Principles and Elements of Design. http://www.candcsigns.com/blog/elements-and-principles-design. http://www.paper-leaf.com/blog/2011/02/elements-of-design-quick-reference-sheet/. Line.
The path of a moving point at the edge of a flat shape or outline of a solid object is a line. It is a mark that spans a distance between two points. Lines are most often used to define shape in two-dimensional work. They can also define contours and outlines and sometimes also suggest mass and volume. A line is longer than it is wider. The ratio between a line's width and length is called its measure.
Types of lines
Outlines– Lines made by the edge of an object or its silhouette.
Contour Lines – Lines that describe the shape of an object and the interior detail.
Gesture Lines – Lines that are energetic and catches the movement and gestures of an active figure.
Sketch Lines – Lines that captures the appearance of an object or impression in place.
Calligraphic Lines – Greek word meaning “beautiful writing”. Precise, elegant handwriting or lettering done by hand. Also, artwork that has flowing lines like elegant handwriting.
Implied Lines – Lines that are not actually drawn but created by a group of objects seen from a distance. The direction an object is pointing to or the direction a person is looking at. Implied line is the path that the viewer's eye takes as it follows shapes, colors, and form along a path, but it may not be continuous or physically connected.
Different lines have different meanings and uses. Horizontal lines imply tranquility and rest, whereas vertical lines imply power and strength. Oblique lines imply movement, action and change. Curved lines or S shaped lines imply quiet, calm and sensual feelings. Lines that converge imply depth, scale and distance - a fence or roadway converges into the distance provides the illusion that a flat two-dimensional image has three-dimensional depth. A line is an effective element of design because it can lead the viewer's eye.
Value is the range of lightness and darkness within a picture. These range from white to black with numerous shades of gray in between. Value is directly related to contrast. It is created by a light source that shines on an object creating highlights and shadows. It also illuminates the local or actual color of the subject. Value has the ability to create depth by making objects look three-dimensional or highlighting lighter, foreground aspects and receding as it hits the background.
Space, in two-dimensional design, is essentially flat; it has height and width, but no depth. There are certain visual cues, however, that can create the illusion of space in the mind of the viewer. By using those cues, artists and designers can create images that are interpreted as three-dimensional.
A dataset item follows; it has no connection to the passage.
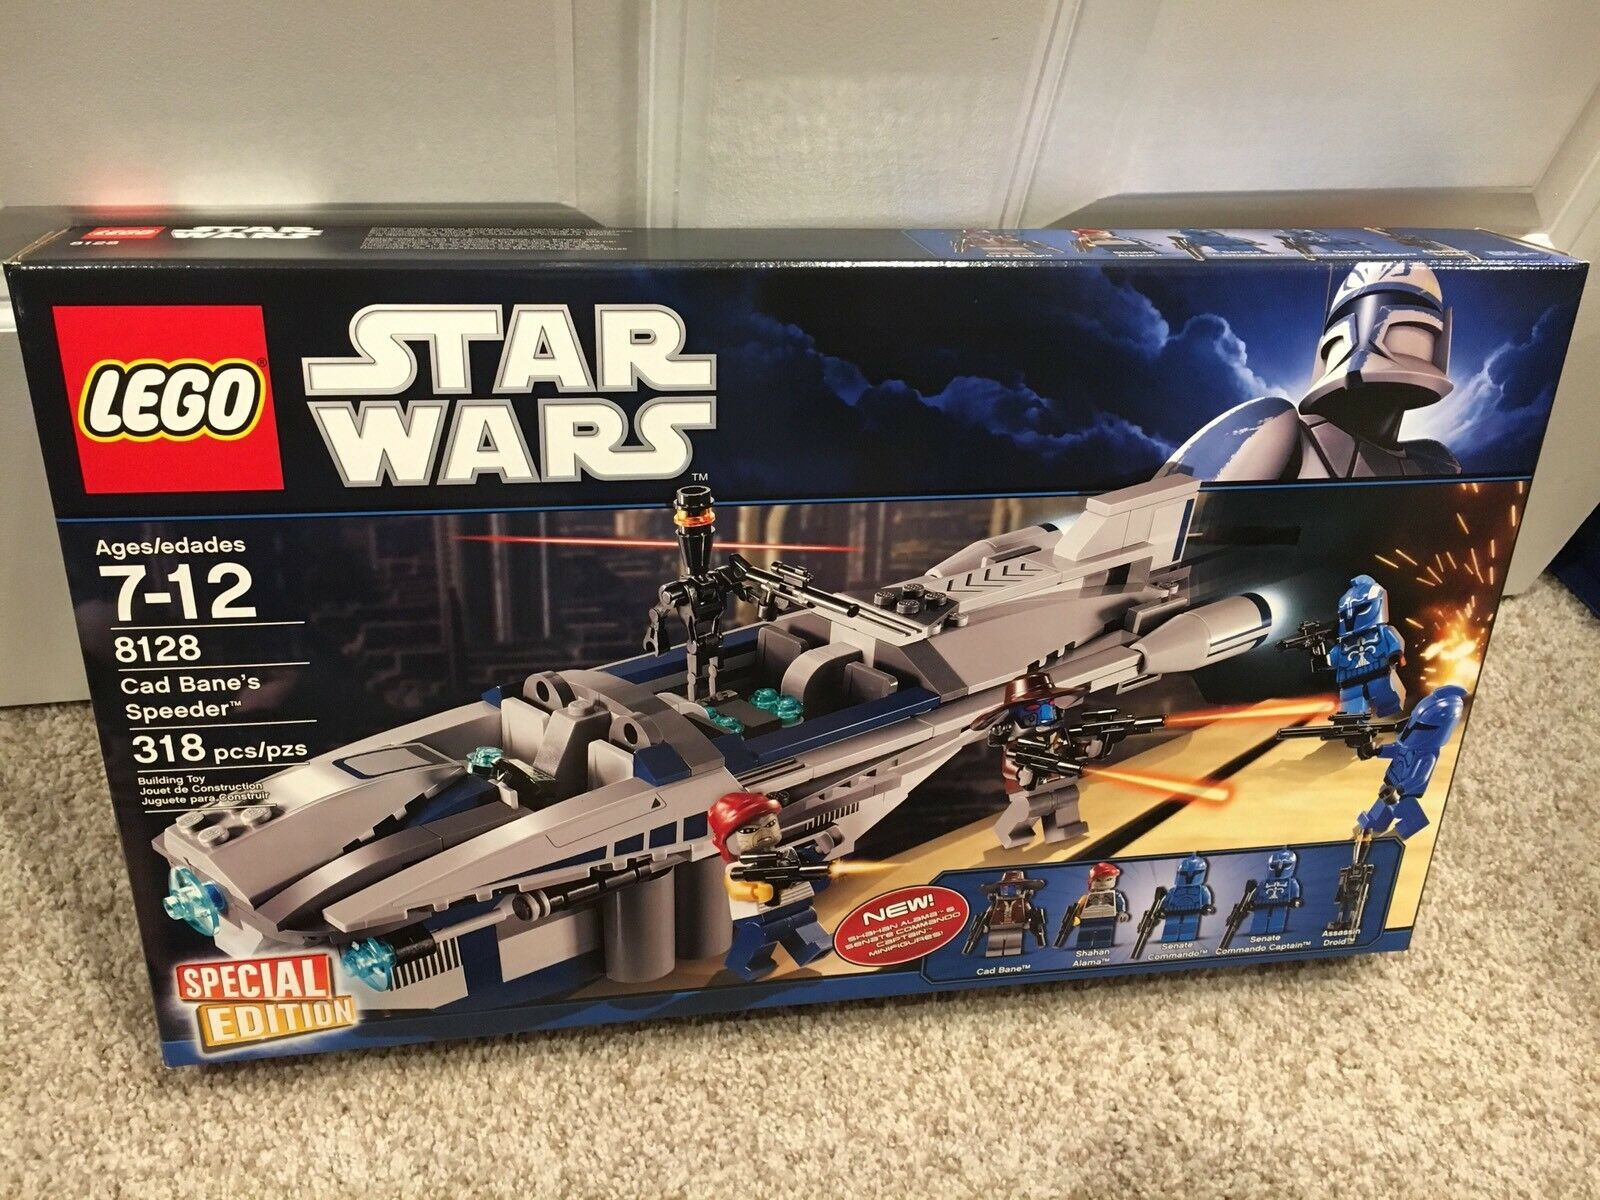 NIB Lego Star Wars 8128 CAD BANE'S SPEEDER Special Edition Banes Ship 5 Minifigs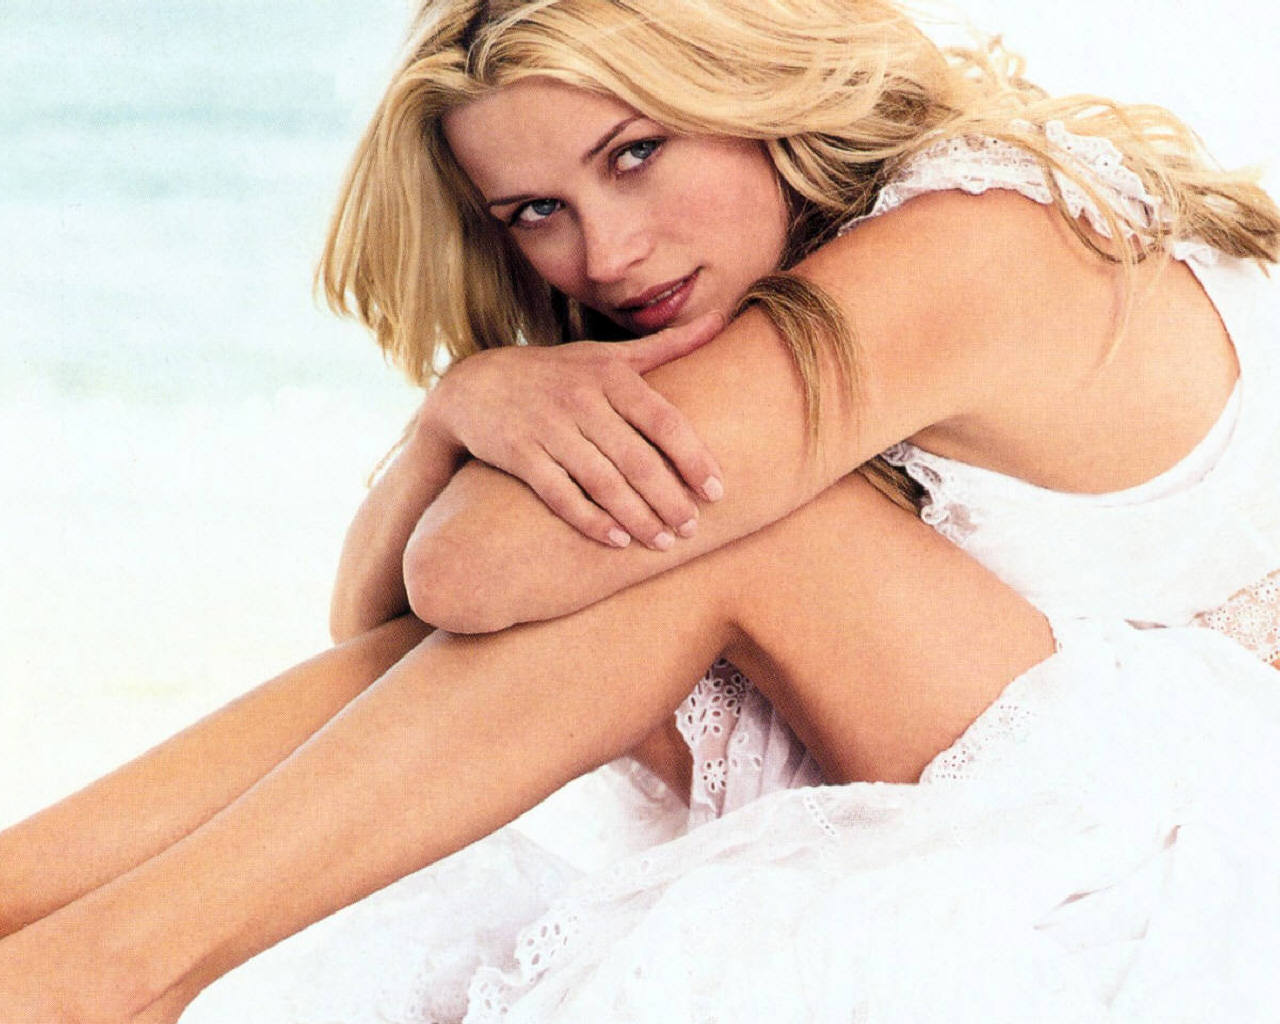 http://3.bp.blogspot.com/-NUJflTJdRU8/T_QYmXwp5pI/AAAAAAAAB5w/25_UzYT2o50/s1600/Reese-Witherspoon-Shirtless.jpg

Size is one of the easiest ways to create the illusion of space. A larger image will appear closer than a smaller one because we observed (very early in life) that objects appear to become smaller as they get farther away.
Overlapping is another easy way to suggest depth in an image. The viewer perceives the one that is covering parts of the other to be in front and the one that is covered to be in the back.
Compositional location refers to where a form is positioned vertically in the image. The bottom is seen as the foreground; the higher an object is placed in the image, the farther back it is perceived to be.
Atmospheric perspective uses value, contrast and color to give the illusion of space. Atmospheric perspective is based on the fact that the farther something is away from us, the more the atmospheric haze may obscure our view of it. Increasing the bluish cast of an image also creates a sense of depth because cool colors recede and warm colors come forward.
Linear perspective is based on the visual phenomenon that as parallel lines (such as railroad tracks) recede into space, they appear to converge at a distant point, creating depth; it also creates a strong focal point at the place where the lines converge.
Tactile texture is the actual three-dimension feel of a surface that can be touched. Painter can use impasto to build peaks and create texture.
Visual textureis the illusion of the surfaces peaks and valleys, like the tree pictured. Any texture shown in a photo is a visual texture, meaning the paper is smooth no matter how rough the image perceives it to be.